DQN network is not learning how to interact with environment and always take the same action

Krzysztof_Kaczynski · June 13, 2022, 12:04am

Hi I am a beginner in RL and I fell like my DDQN agent is not learning at all and almost always choosing the same action. I have no idea what I am doing wrong. If you have an idea what I can be doing wrong or have any advice what I can try to make it work better, I will appreciate it a lot.

About the project:

Envirment

board is a rectangle of given width and height with randomly placed food
you can move STRAIGHT LEFT or RIGHT depend on the snake head position,
if snake head collide with food, then you are getting positive points and snake body is growing
if you ate all foods, you are wining
if you hit a snake tail or board edge with a head, you are loosing

Points for action

if collide with FOOD, gain 100 POINTS
if collide with BLANK field, gain -100 POINTS
if collide with TAIL, gain -10 000 POINTS
if collide with WALL, gain -10 000 POINTS
if all foods have been eaten gain 1000 POINTS

DQN input

Let’s say I have created 3x3 board with 3 foods which looks like that

Then input of my DQNNetowrk is a vector with 9 values where each value represent current state of board cell, where:

Snake Head is 3, 4, 5, 6 depends on direction (BOTTOM = 3, LEFT = 4, RIGHT = 5, TOP = 6)
FOOD is 2
Snake Body Part different than head is 1

So for above board input vector will be:

[
  5, 0, 0
  2, 0, 0
  2, 2, 0
]

Then before I put this to my DQN I am converting this vector to Tensor of rank 2 and shape [1, 9]. When i am training on replay memory, then I am having a Tensor of rank 2 and shape [batchSize , 9] .

DQN Output

My DQN output size is equal to the total number of actions I can take in this scenario 3 (STRAIGHT, RIGHT, LEFT)

Implementation

Every time before I start to use my DDQN agent, first I am creating onlineNetwork and targetNetwork and filling ReplayMemory buffer.

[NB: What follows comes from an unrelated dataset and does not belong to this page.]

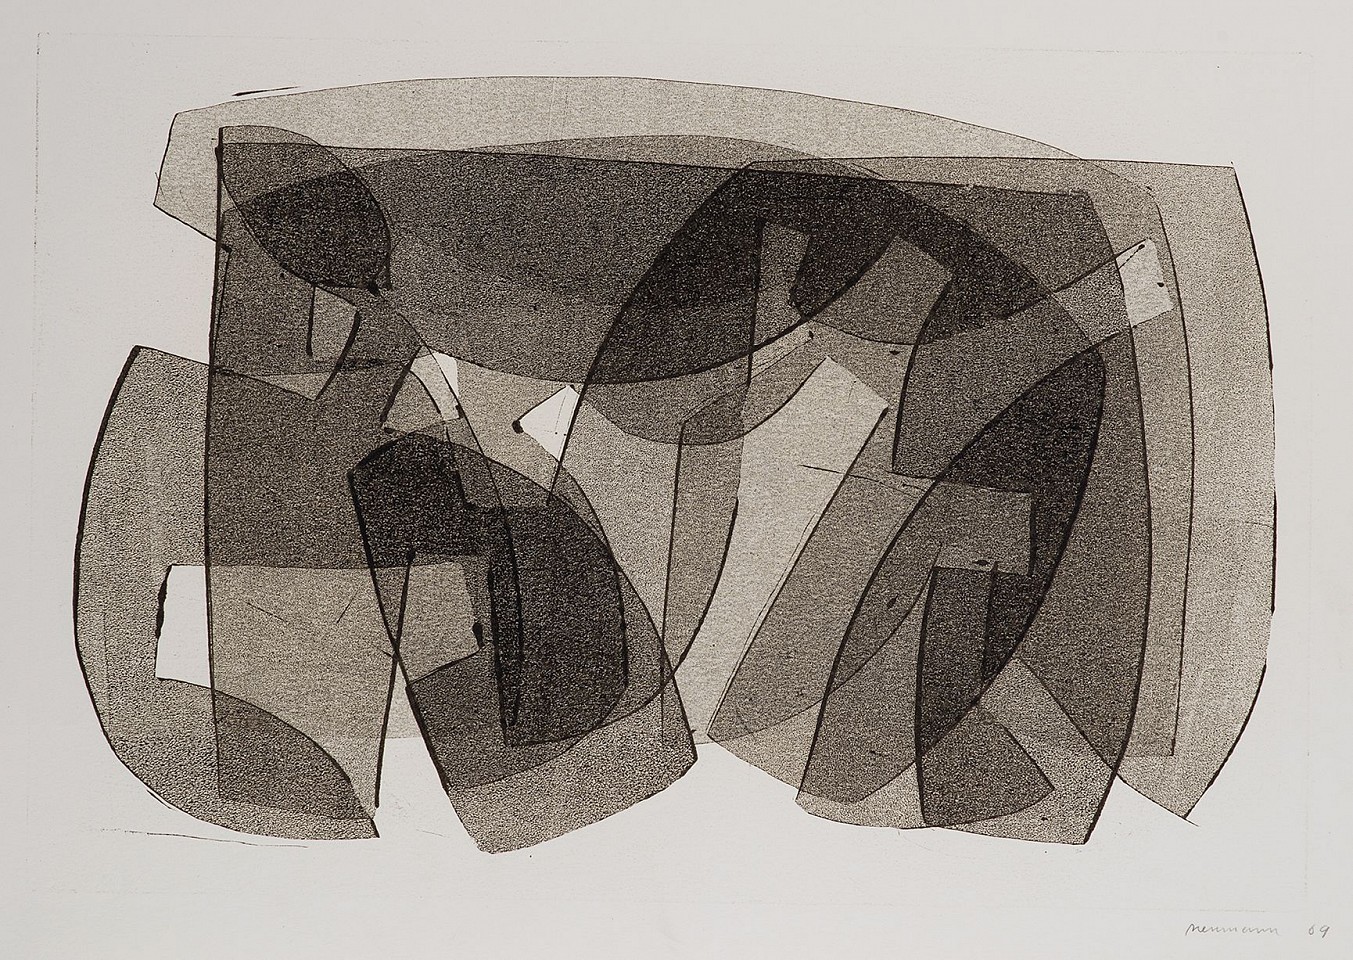 Otto Neumann 1895-1975, Abstract Composition/ Black & Gray, 1969
monotype on paper /Black & Gray, 24.5"x 17.5", 26" x 33" framed
OT 089048
$8,400

Then at the beginning of every epoch I reset my Enviroment and then I then my agent is playing in environment until lose or win. After every action agent will take, I am learning on replay memories batch and increasing copyWeights counter (once this counter is a multiple of updateWeightsIndicator). At the end of every epoch, I am adding new game score to my buffer with 100 last results and decreasing epsilon.

What I have tried

normalize my input vector to values between 0 and 1
create a vector with only foods marked
create a vector where I have used rewards to replace snake boy parts positions and food
add two additional columns and rows and fill them with WALL reward
changing size of hidden dense layers

None of the above helped

Attachments

Under this link: GitHub - kaczor6418/snake-game: Simple snake game created to learn some about WebGL and reinforcement learning algorithms, you can find my GitHub repository. I think the most possible places I have made a mistake is ReinforcementAgent class or DoubleDeepQLearningAgent class inside src/agents directory. In App.ts runSnakeGameWithDDQLearningAgent you can find configuration of my DDQN Agent.

To use this repository:

git clone https://github.com/kaczor6418/snake-game.git
cd ./snake-game
npm install
npm run serve

Or maybe I am just not patient enough and 10k epochs(10k played game is not enough to learn such environment ?)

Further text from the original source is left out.